IN THE COURT OF APPEALS OF IOWA
No. 16-0676
Filed May 17, 2017
TARRENCE NEWMAN,
Applicant-Appellant,
vs.
STATE OF IOWA,
Respondent-Appellee.
________________________________________________________________
Appeal from the Iowa District Court for Johnson County, Marsha A.
Bergan, Judge.
Tarrence Newman appeals the district court’s denial of his application for
postconviction relief. AFFIRMED.
John J. Bishop, Cedar Rapids, for appellant.
Thomas J. Miller, Attorney General, and Darrel L. Mullins, Assistant
Attorney General, for appellee.
Considered by Vaitheswaran, P.J., and Tabor and Mullins, JJ.
2
MULLINS, Judge.
Tarrence Newman appeals the district court’s denial of his application for
postconviction relief (PCR), claiming there was no factual basis for his Alford1
plea for the crime of willful injury causing bodily injury and, thus, his trial counsel
in the underlying criminal case provided ineffective assistance by allowing him to
plead guilty. Specifically, Newman claims counsel was ineffective because there
was no factual basis to support that he specifically intended to cause a serious
injury. See Iowa Code § 708.4(2) (2013) (defining “willful injury” as when “[a]ny
person who does an act which is not justified and which is intended to cause
serious injury to another commits . . . [a] class ‘D’ felony, if the person causes
bodily injury to another”).
On our review of his PCR application, we find several possible claims.
However, even an extremely deferential reading of his application leaves it
unclear he was trying to allege the issue he now raises on appeal.2 Further,
Newman’s testimony at the PCR trial focused on his belief he was overcharged
because—according to him—others in jail for willful injury had used a weapon
and he did not. He also testified concerning other claims relating to the plea
negotiation process and trial preparation. The PCR court ruled on those latter
two issues, neither of which he challenges on appeal.
1
See Alford v. North Carolina, 400 U.S. 25, 37 (1970) (“An individual accused of crime
may voluntarily, knowingly, and understandingly consent to the imposition of a prison
sentence even if he is unwilling or unable to admit his participation in the acts
constituting the crime.”).
2
Newman’s pro se PCR filing made vague statements such as, “the elements to don’t fit
the crime and a person has to look at the situation as a whole,” but these statements
cannot be reasonably construed to be a challenge to the factual basis for his plea of
willful injury.
3
At the PCR trial, Newman did not testify or argue there was no factual
basis in the record for his plea. He did not testify or argue his attorney was
ineffective for allowing him to plead guilty. Nor did he testify or argue the video of
the assault had been misinterpreted or misunderstood. He did not request the
district court address or rule on any of these matters; and as stated above, his
PCR application did not clearly identify the issue he now raises on appeal. Thus,
it is not surprising the district court did not rule on the issue he raises on appeal.
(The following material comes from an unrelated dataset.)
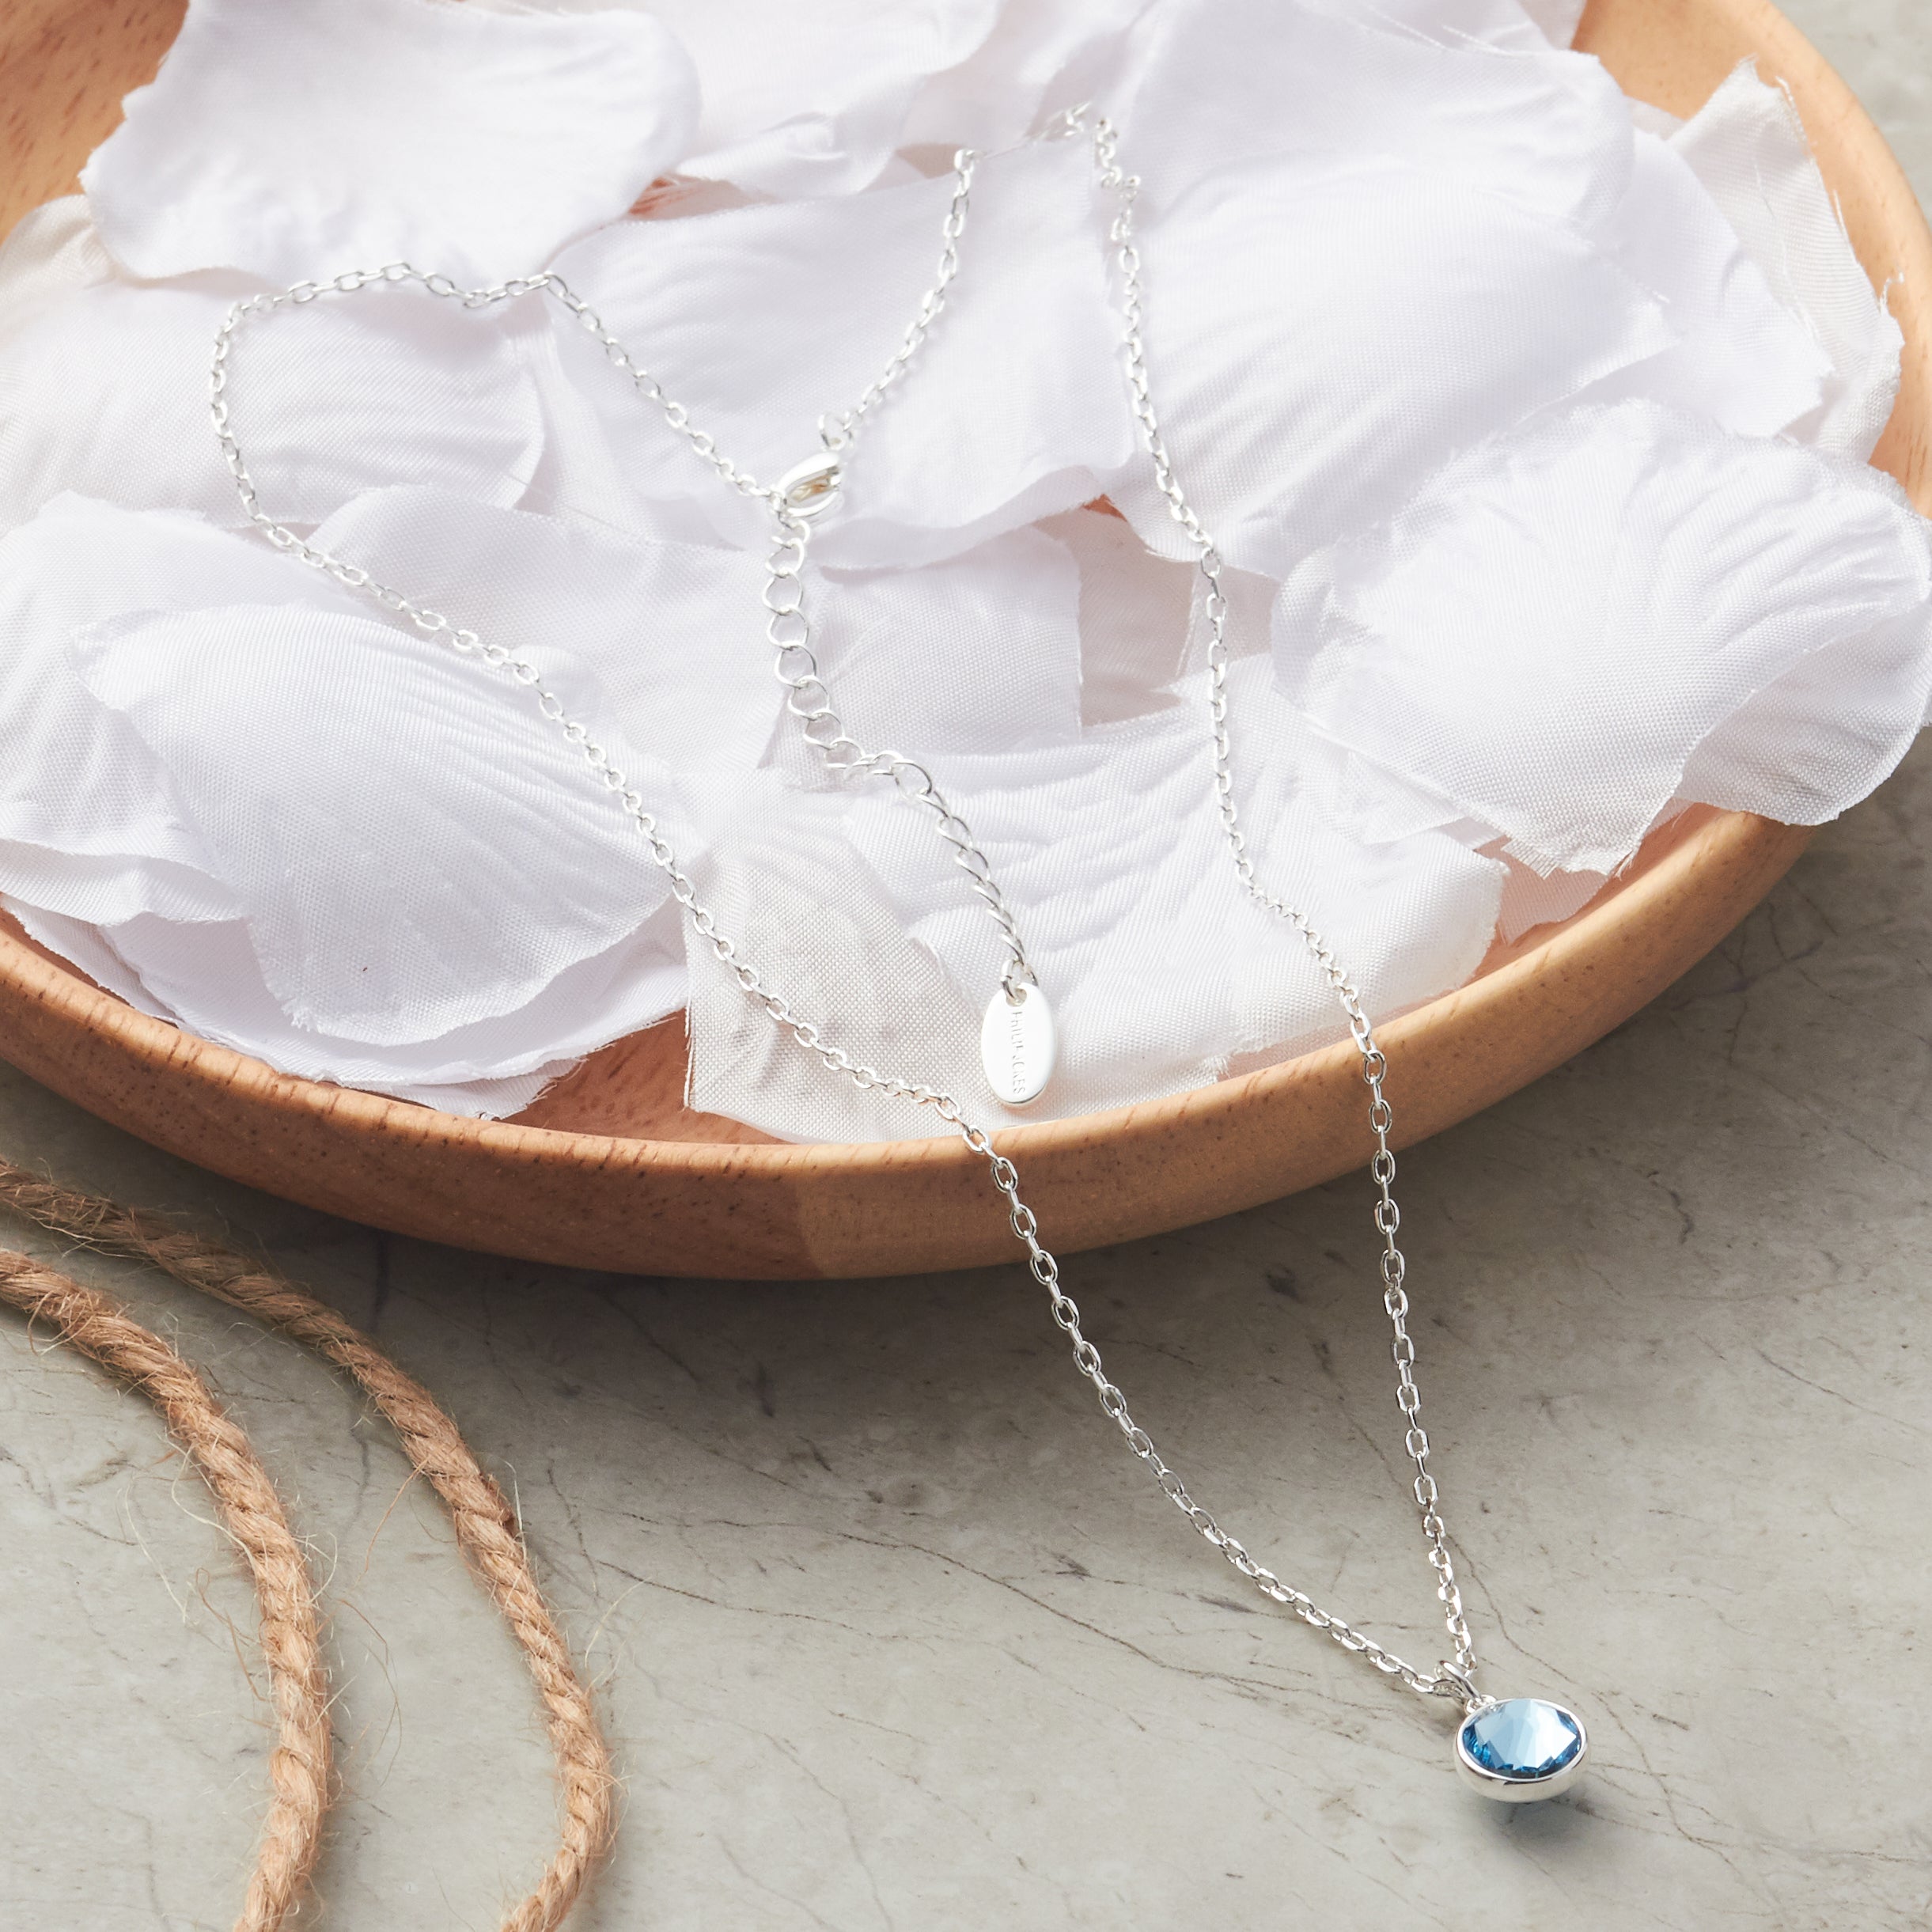 March (Aquamarine) Birthstone Necklace Created with Zircondia® Crystals

See Meier v. Senecaut, 641 N.W.2d 532, 537 (Iowa 2002) (“It is a fundamental
doctrine of appellate review that issues must ordinarily be both raised and
decided by the district court before we will decide them on appeal.”). 3 And
Newman has not raised this issue as one of ineffectiveness of PCR counsel in
failing to argue before the PCR court that trial counsel was ineffective.
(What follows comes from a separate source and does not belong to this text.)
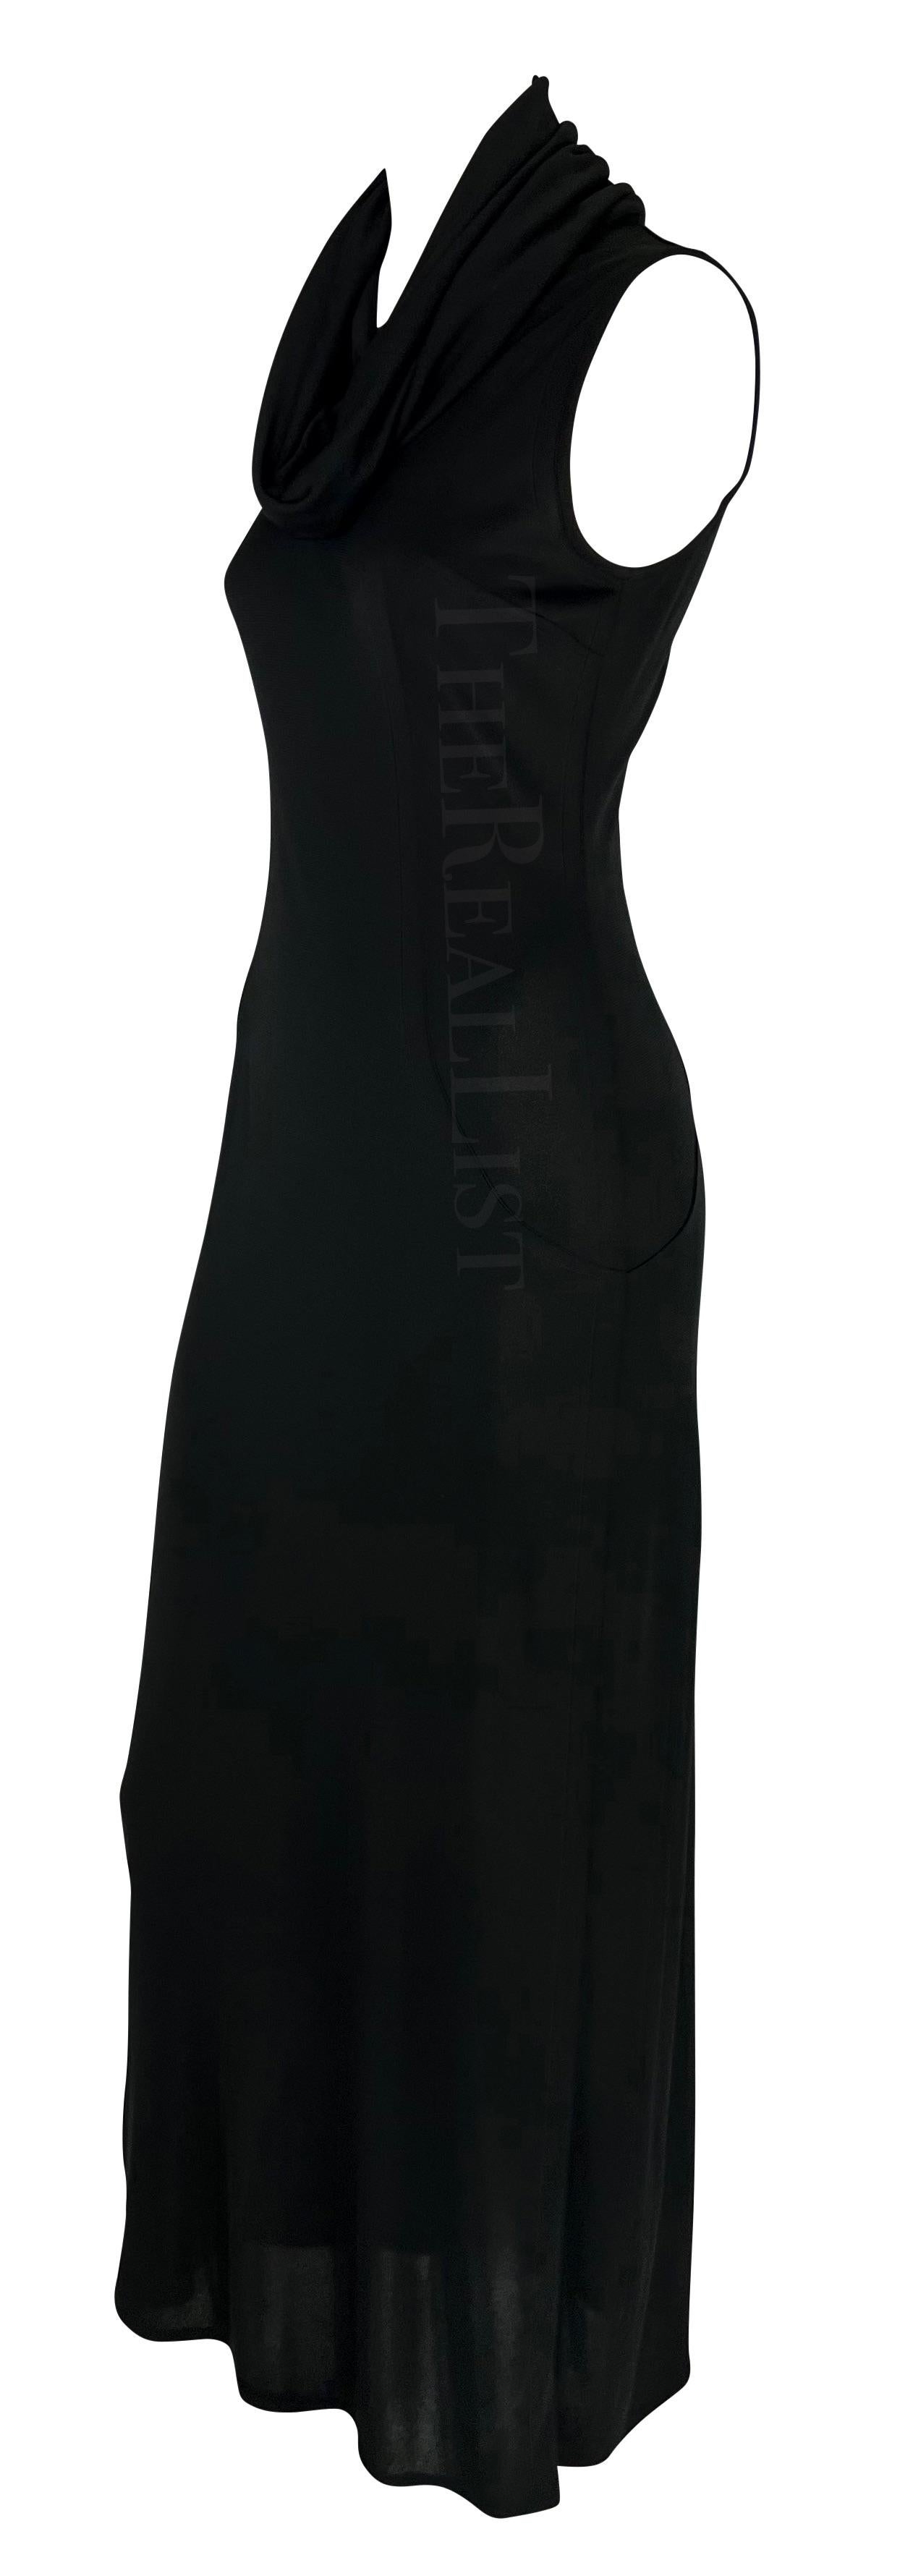 S/S 1996 Dolce & Gabbana Runway Hooded Stretch Black High Slit Dress For Sale 6

Accordingly, we find Newman’s sole claim on appeal is not properly before us
and affirm the PCR court’s denial of Newman’s PCR application.
AFFIRMED.
3
State v. Philo, 697 N.W.2d 481, 485 (Iowa 2005), allows a defendant to raise
ineffective-assistance-of-counsel claims for the first time on direct appeal from a guilty-
plea proceeding but does not support a claim of ineffective assistance of plea counsel on
an appeal of a PCR ruling that did not address the claim.